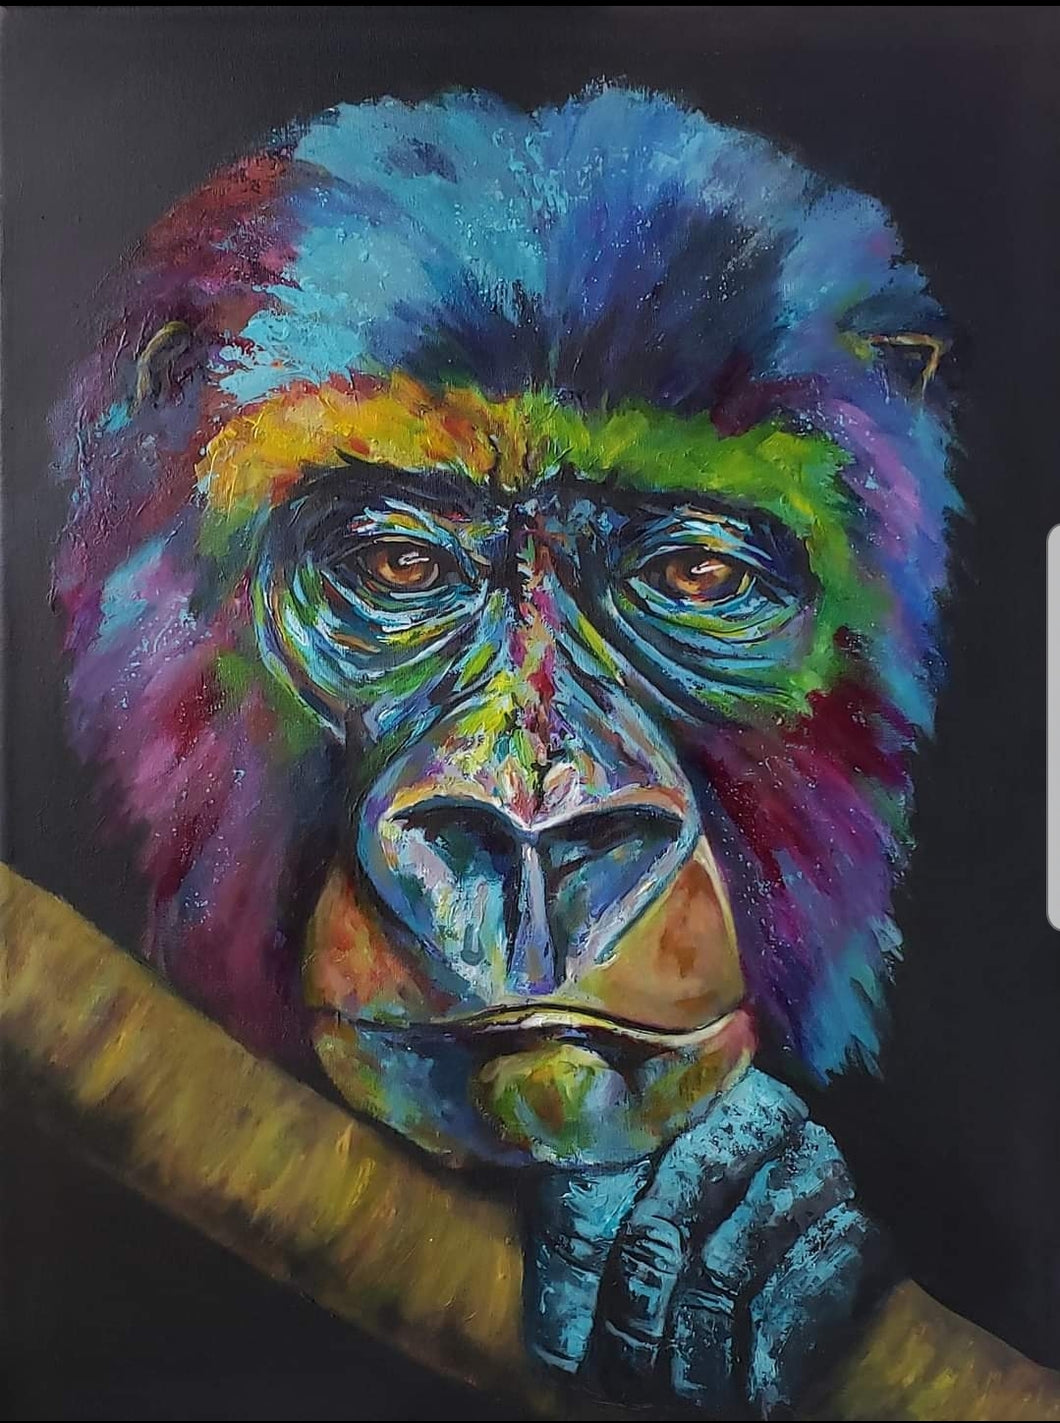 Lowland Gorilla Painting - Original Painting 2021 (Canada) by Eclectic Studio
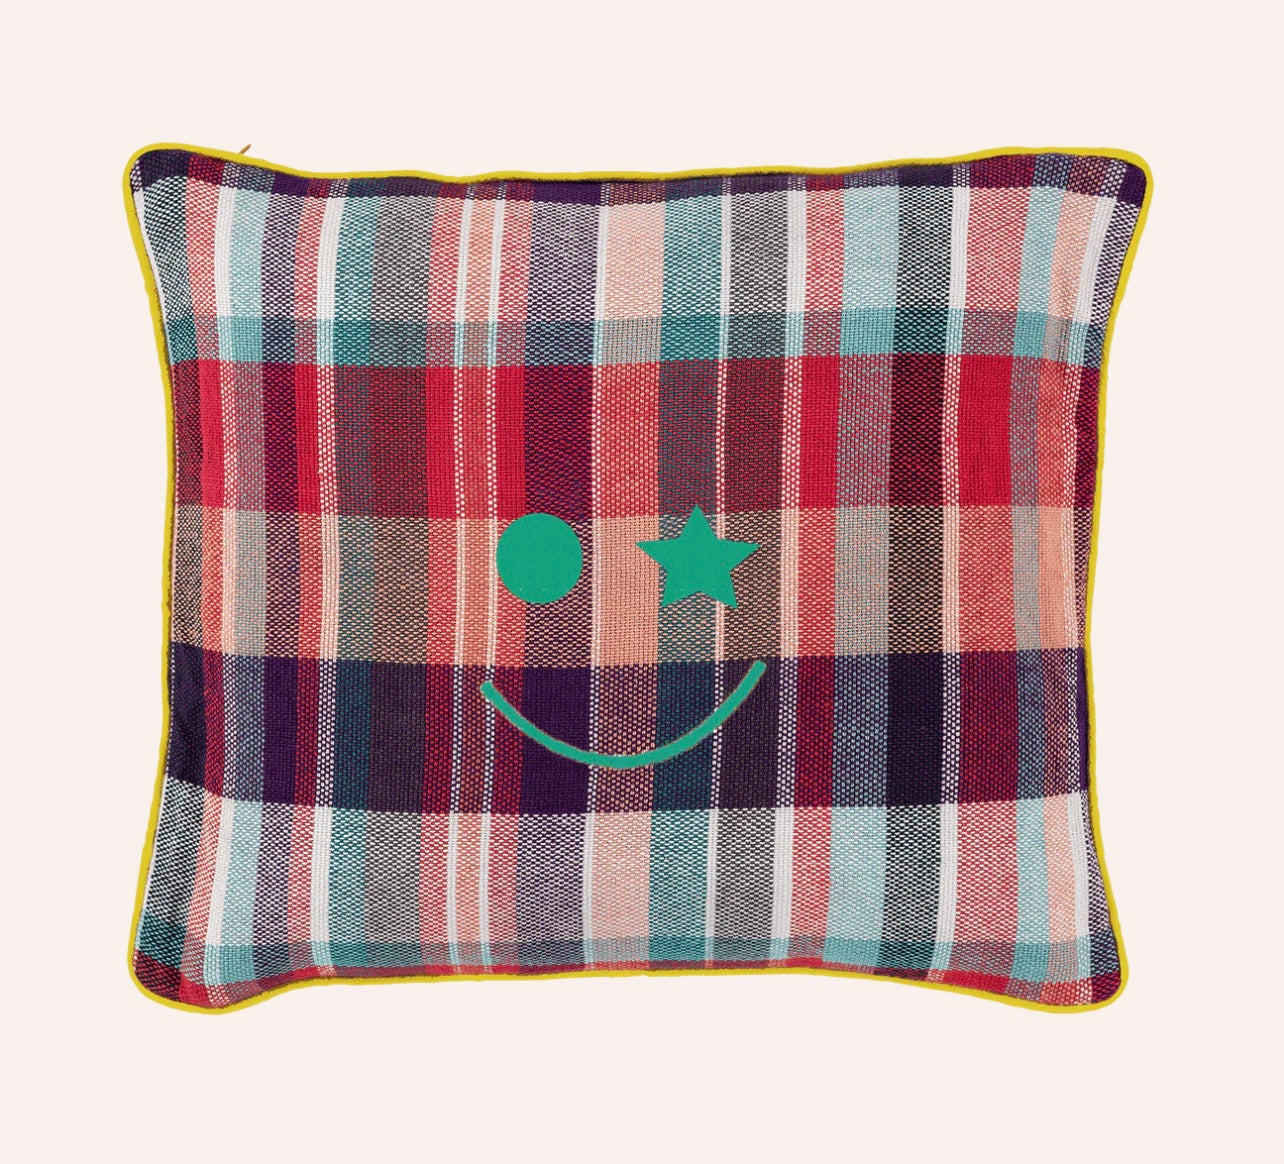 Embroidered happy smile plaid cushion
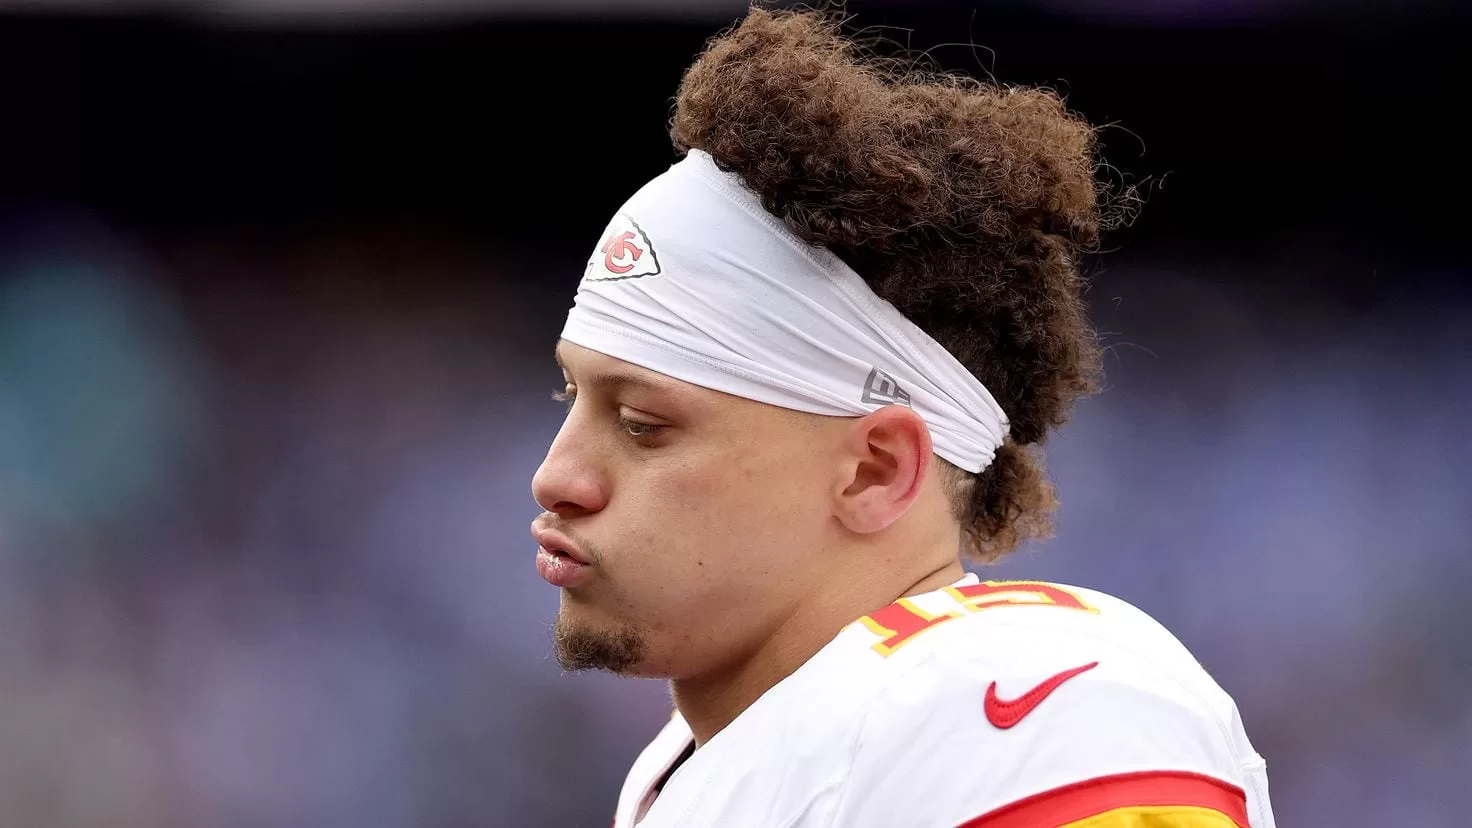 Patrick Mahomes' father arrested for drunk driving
...
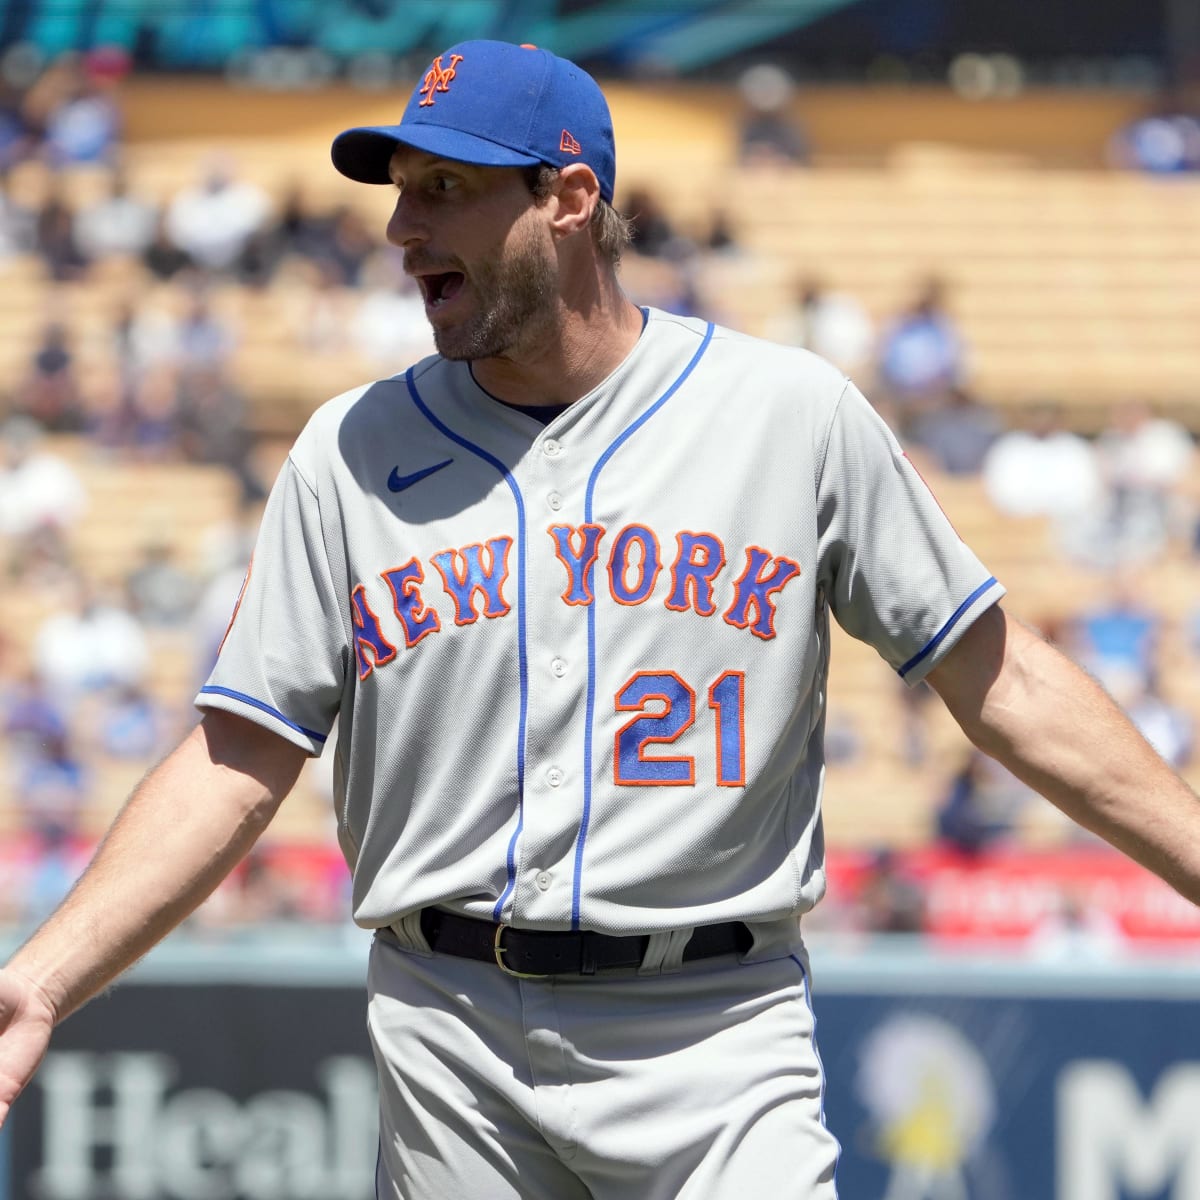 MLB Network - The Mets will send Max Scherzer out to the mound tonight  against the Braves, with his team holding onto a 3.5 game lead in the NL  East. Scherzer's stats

# THE TASK:
Everything from the line with "Embroidered happy smile plaid cushion" down to the line with "Patrick Mahomes' father" in the data above should be copied exactly, with both end lines kept and the pictures left out.

# TASK SOLUTION:
 Embroidered happy smile plaid cushion
 Patrick Mahomes' father arrested for drunk driving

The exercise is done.